* [EXTRACTED INFORMATION]:
......
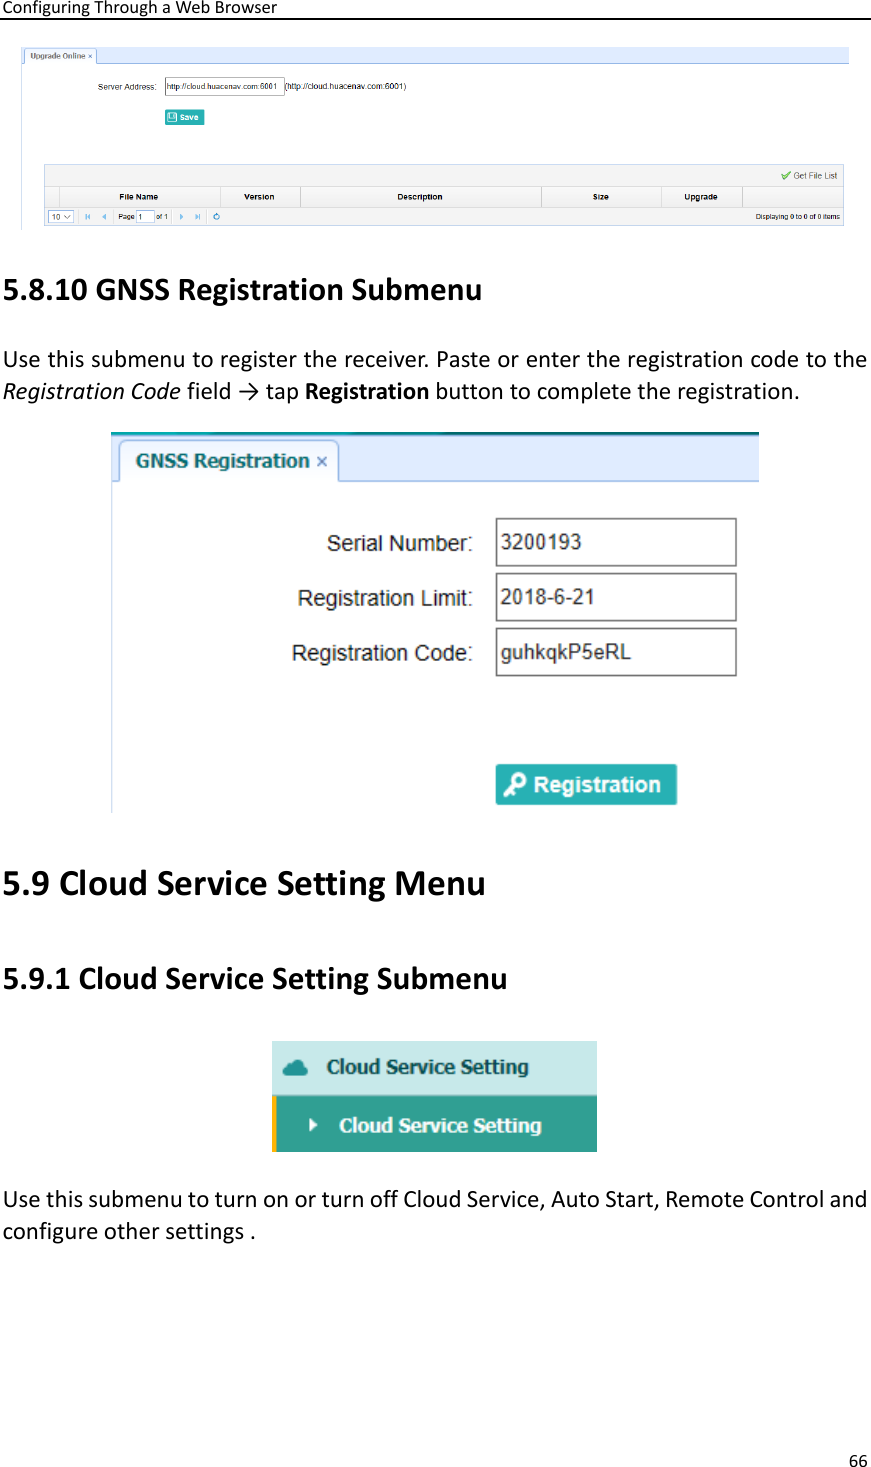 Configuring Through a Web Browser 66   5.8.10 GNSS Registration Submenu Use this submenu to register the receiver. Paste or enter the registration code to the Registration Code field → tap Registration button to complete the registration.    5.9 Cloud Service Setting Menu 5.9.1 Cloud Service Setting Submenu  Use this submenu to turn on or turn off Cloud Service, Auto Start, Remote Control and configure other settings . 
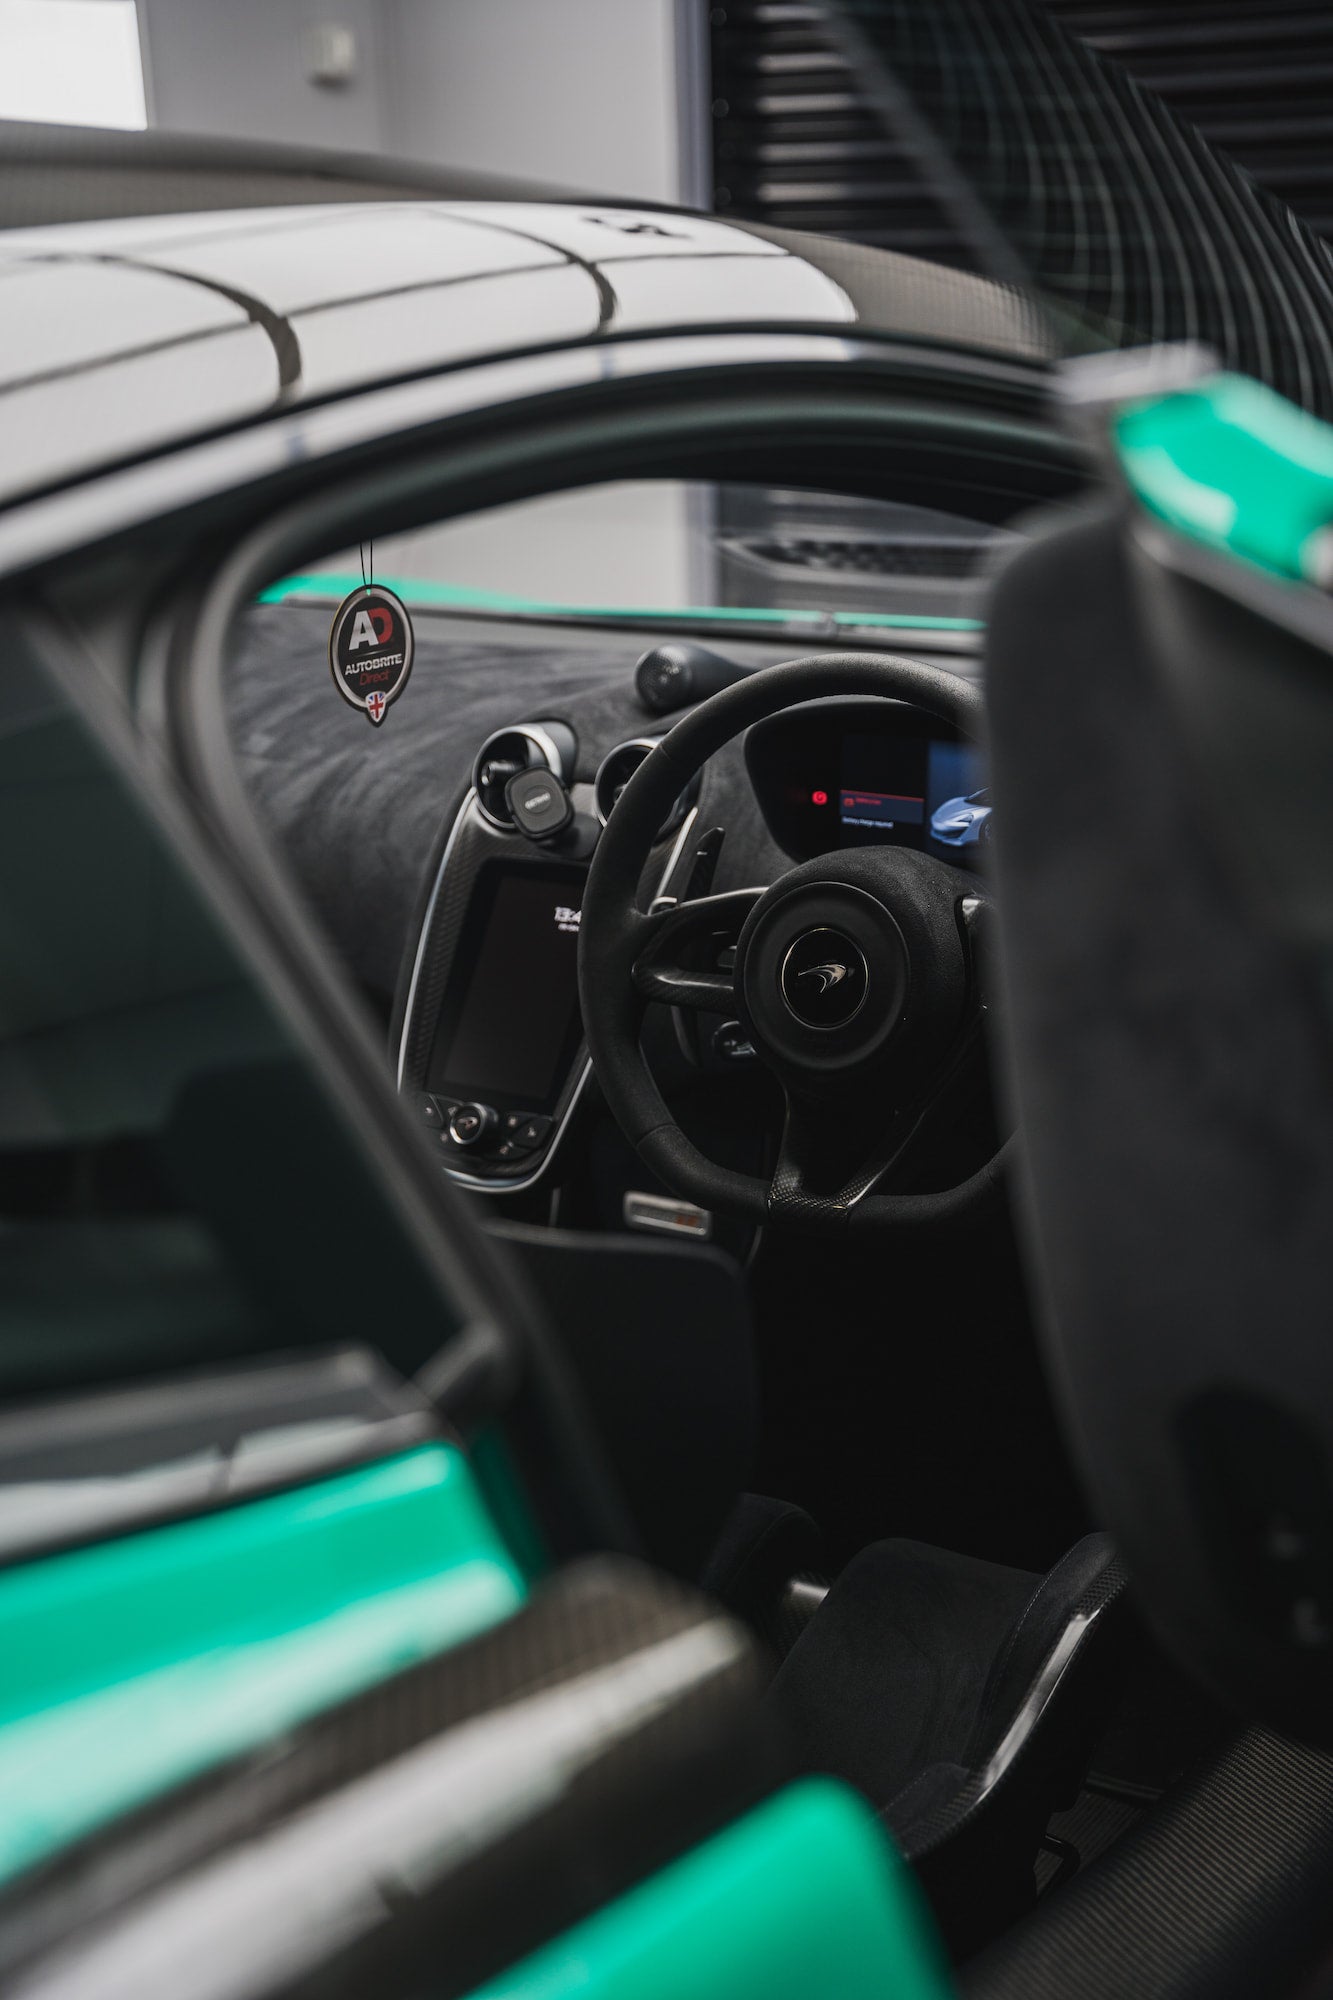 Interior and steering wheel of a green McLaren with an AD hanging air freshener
......
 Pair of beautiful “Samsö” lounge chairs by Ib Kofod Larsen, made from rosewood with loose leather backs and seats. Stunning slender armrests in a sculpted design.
......
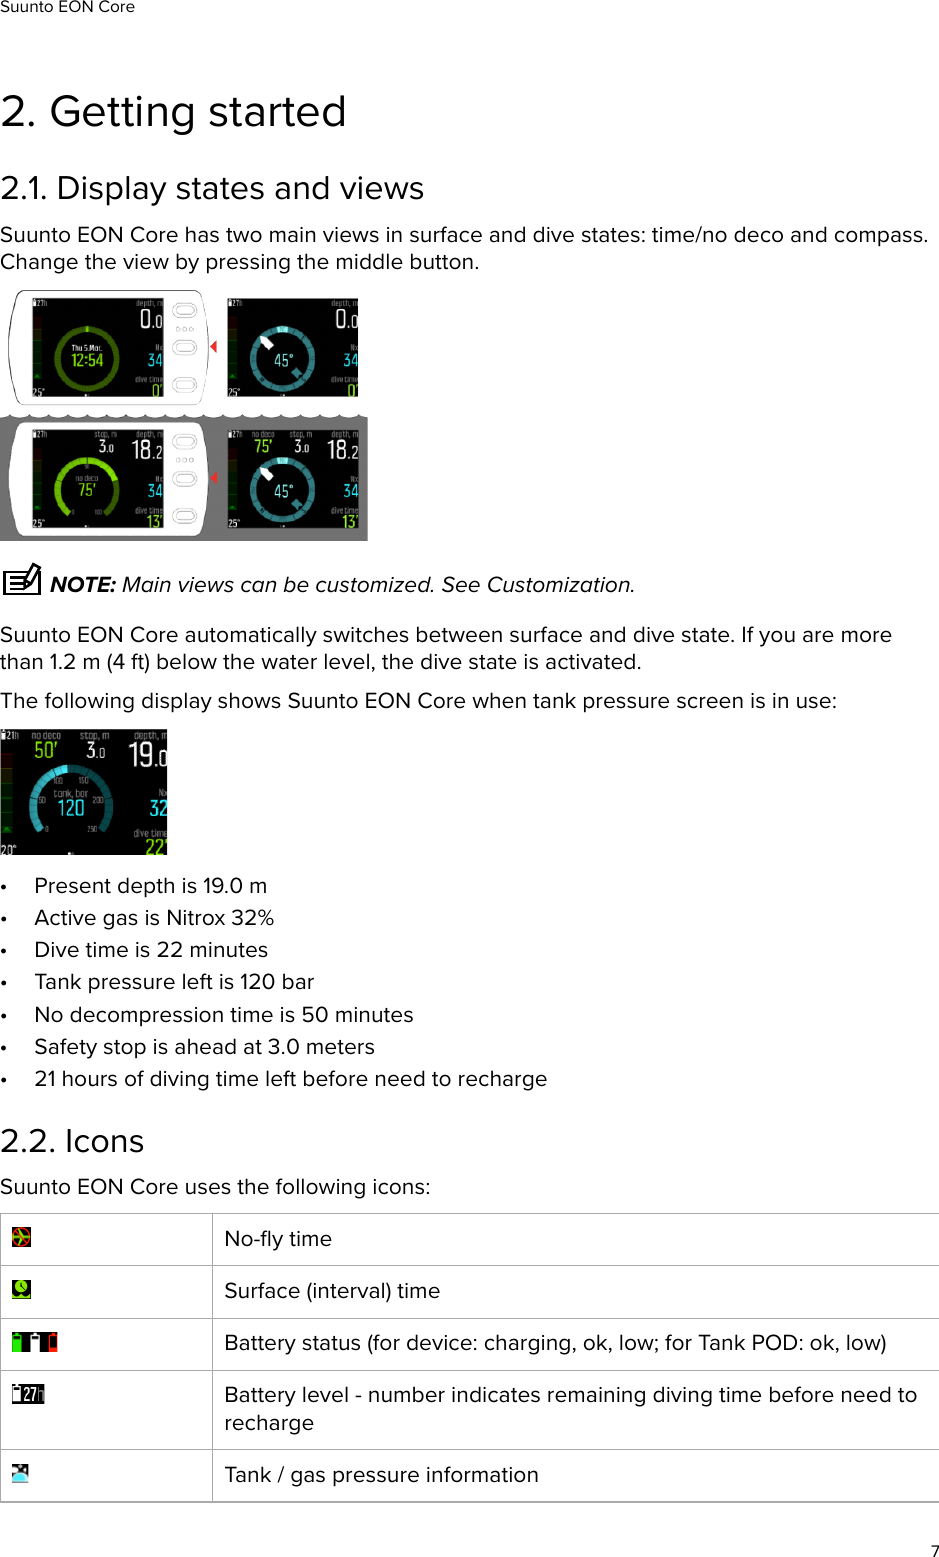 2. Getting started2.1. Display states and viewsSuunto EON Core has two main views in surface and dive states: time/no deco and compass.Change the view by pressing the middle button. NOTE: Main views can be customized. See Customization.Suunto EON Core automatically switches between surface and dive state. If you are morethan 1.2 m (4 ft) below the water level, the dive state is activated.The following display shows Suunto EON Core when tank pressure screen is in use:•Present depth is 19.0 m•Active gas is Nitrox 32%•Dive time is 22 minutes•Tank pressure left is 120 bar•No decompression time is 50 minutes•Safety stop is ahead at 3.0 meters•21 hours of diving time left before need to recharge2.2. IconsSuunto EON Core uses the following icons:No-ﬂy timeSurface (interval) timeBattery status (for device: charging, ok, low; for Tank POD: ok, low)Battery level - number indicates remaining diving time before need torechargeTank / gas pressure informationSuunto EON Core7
......
* [WHAT YOU SHOULD DO]: Start at the line containing "Configuring Through a" above and stop at the line containing "Interior and steering". Output those lines exactly, both included, but none of the pictures.

* [EXPECTED ANSWER]:
 Configuring Through a Web Browser 66   5.8.10 GNSS Registration Submenu Use this submenu to register the receiver. Paste or enter the registration code to the Registration Code field → tap Registration button to complete the registration.    5.9 Cloud Service Setting Menu 5.9.1 Cloud Service Setting Submenu  Use this submenu to turn on or turn off Cloud Service, Auto Start, Remote Control and configure other settings . 
 Interior and steering wheel of a green McLaren with an AD hanging air freshener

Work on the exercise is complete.